Figure 1. Trial flowchart. UL group, upper limb group that practiced the reaching movement sequence with the UL toward light switches; SO group, switches observation group that observed the sequence of light switches; NO group, nature observation group that observed nature films.
2.3 Motor task
Participants completed two sessions. The first session consisted of familiarization with the motor task, a pretest, a single-session intervention (based on group randomization), and a posttest immediately following the intervention. The second session included a retest conducted 24 h after the intervention. Familiarization practice and tests were performed with the LL, and the single session intervention (for the UL group) was performed with the UL. At the beginning of each session, participants reported the previous night’s sleep duration and rated their sleep quality (good/not good).

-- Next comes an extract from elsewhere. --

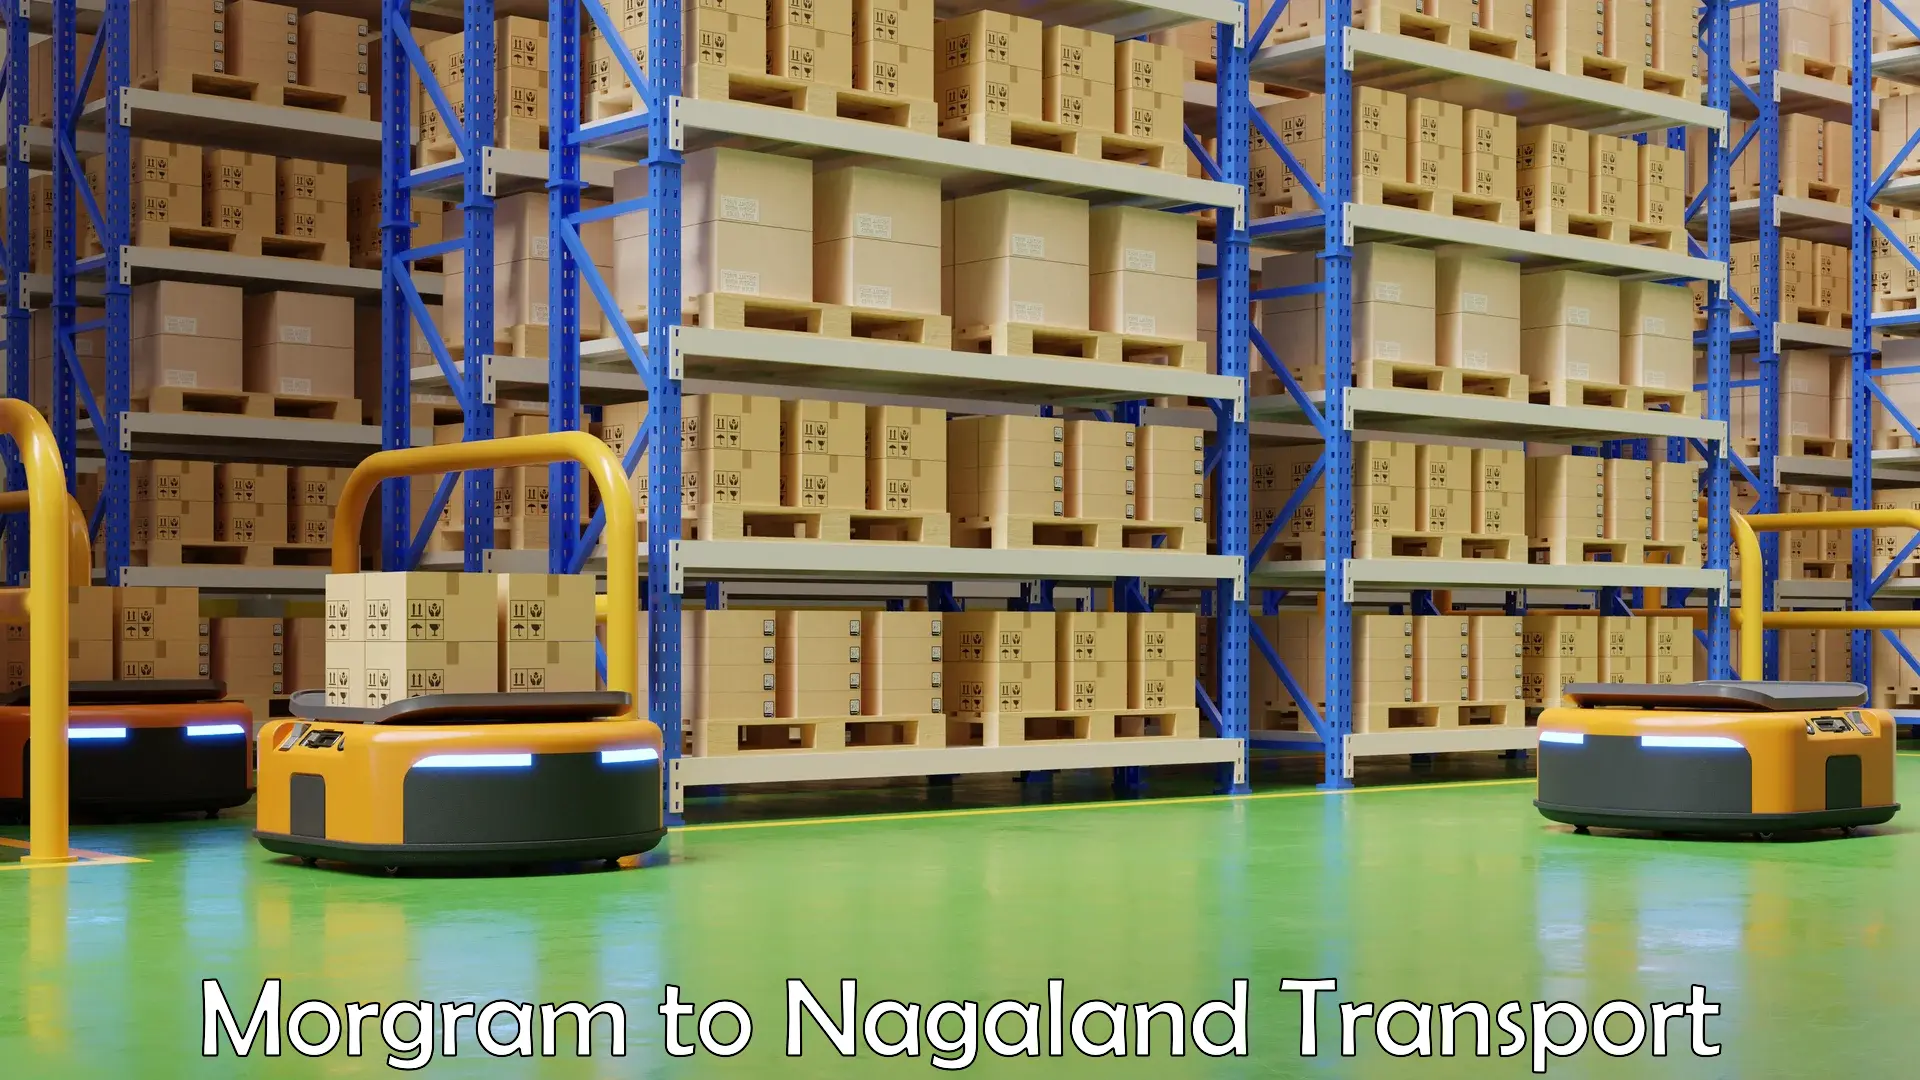 Transport shared services Morgram to Nagaland

Recording apparatus used in tests (pretest, posttest, and retest): A custom-made testing device was set up on a rectangular table with a smooth laminated tabletop of 105 cm × 80 cm and adjustable height. Five switch-led units of 5 cm × 8 cm × 5 cm, each composed of a large push-button switch and a red light-emitting diode (LED), were attached to the tabletop in a 38-cm radius half circle, successively numbered from 1 to 5. Activation of a specific unit LED was a cue for the subject to reach toward that unit and press the push-button switch. Reaching toward the switch of an activated unit deactivated it, and the response time between the activated and deactivated LED was recorded. A detailed description of the task and the apparatus is provided in previous studies (Sherman et al., 2024; Frenkel-Toledo et al., 2020).

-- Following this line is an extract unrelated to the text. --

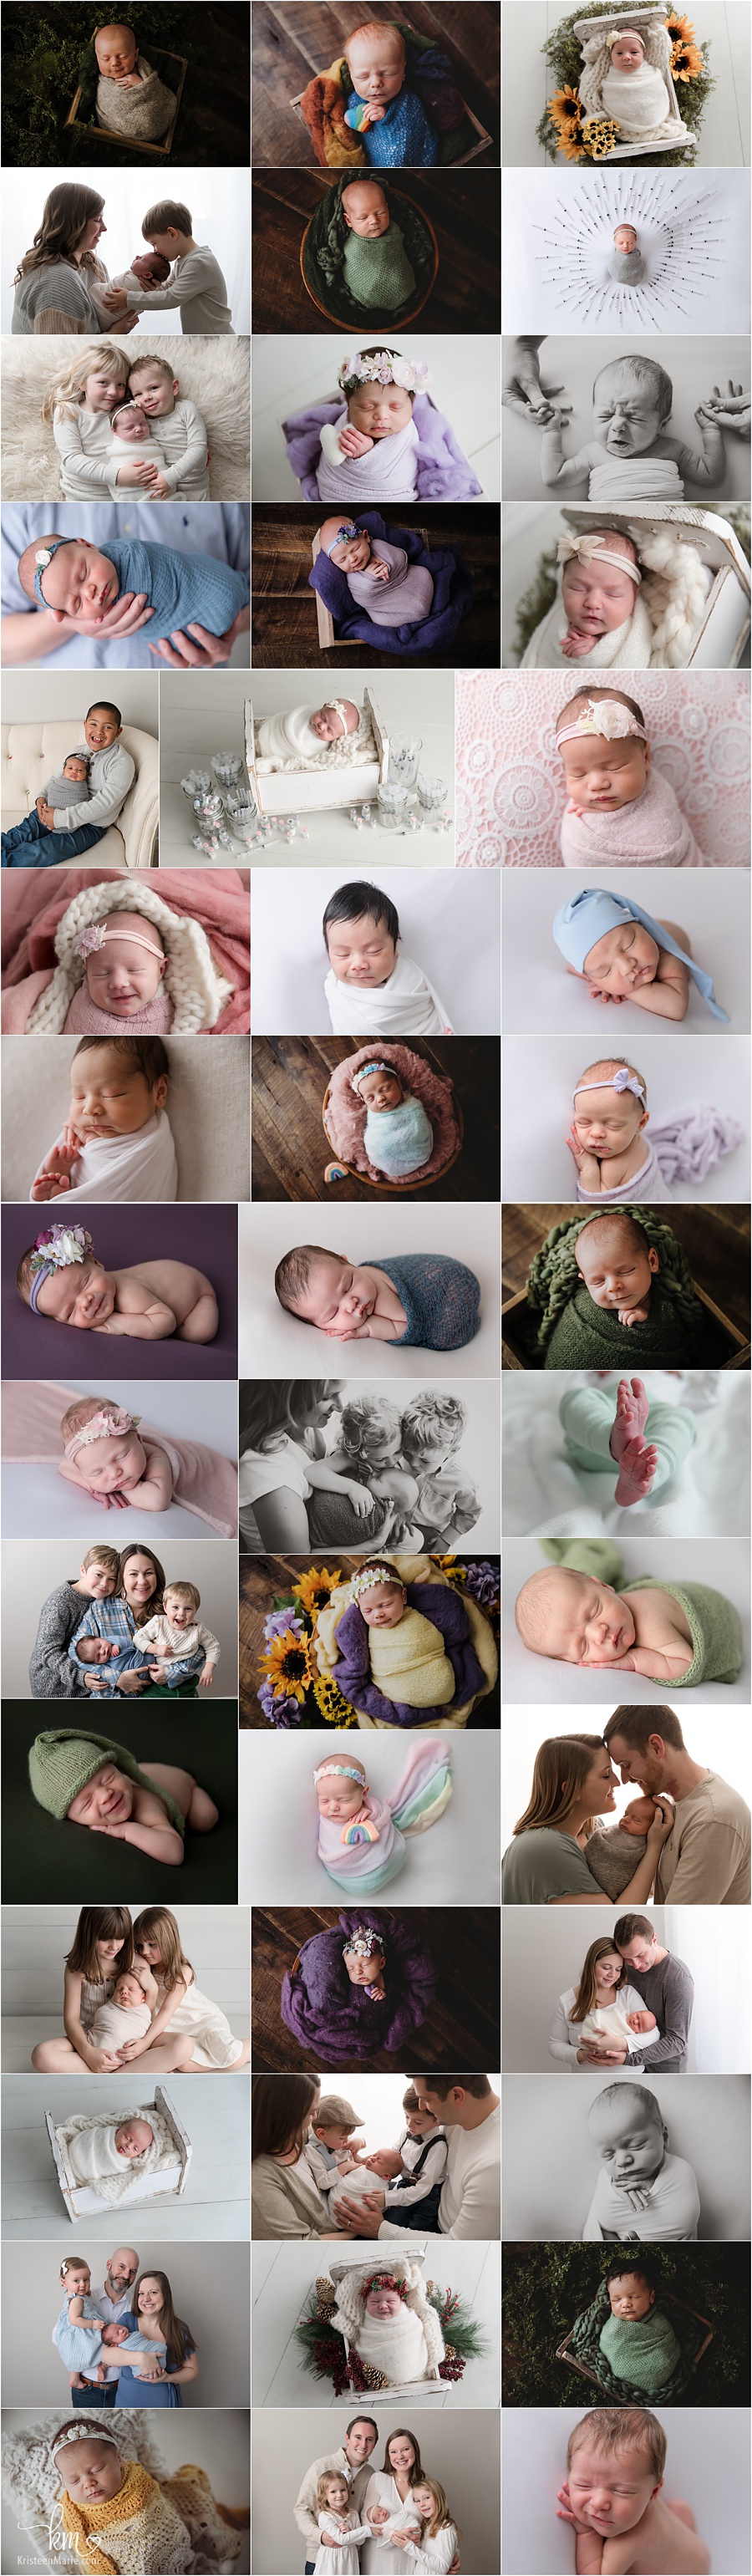 Newborn Photography Session - Kristeen's Newborn Photo Studio in Carmel Indiana

To assess leg performance, participants sat on a custom-designed plinth with a solid back support positioned in front of the apparatus, which was set at the same height as the tabletop, allowing them to perform the RM sequence with their LL. In the starting position, the heel was placed at the edge of the table in front of the center of switch 3, with the left heel touching switch 3 and the knee flexed at 30° (Figure 2a).
Figure 2. General setup. Five switch–LED units (5 × 8 × 5 cm) were arranged in a semicircle (38-cm radius) and numbered 1–5. Each unit included a push-button switch with a red light-emitting diode. The starting position is marked by a red circle. (a) Performance with the lower limb. (b) Performance with the upper limb.
Initially, participants completed a familiarization practice consisting of 30 randomized RM sequences. This involved reaching toward the activated unit with their left LL, touching the unit-related switch as quickly as possible, and returning the leg to the starting position before the next unit was activated. During the pretest, posttest, and retest, participants performed RMs with their left leg toward units activated in the sequence 1-4-3-5-4-2, with an activation duration and delay of 1 s. Participants were instructed to reach from the starting position to the illuminated switch as quickly and accurately as possible, press the switch, and return to the starting position, ensuring that their heel remained in contact with the table. They were not informed of the sequence.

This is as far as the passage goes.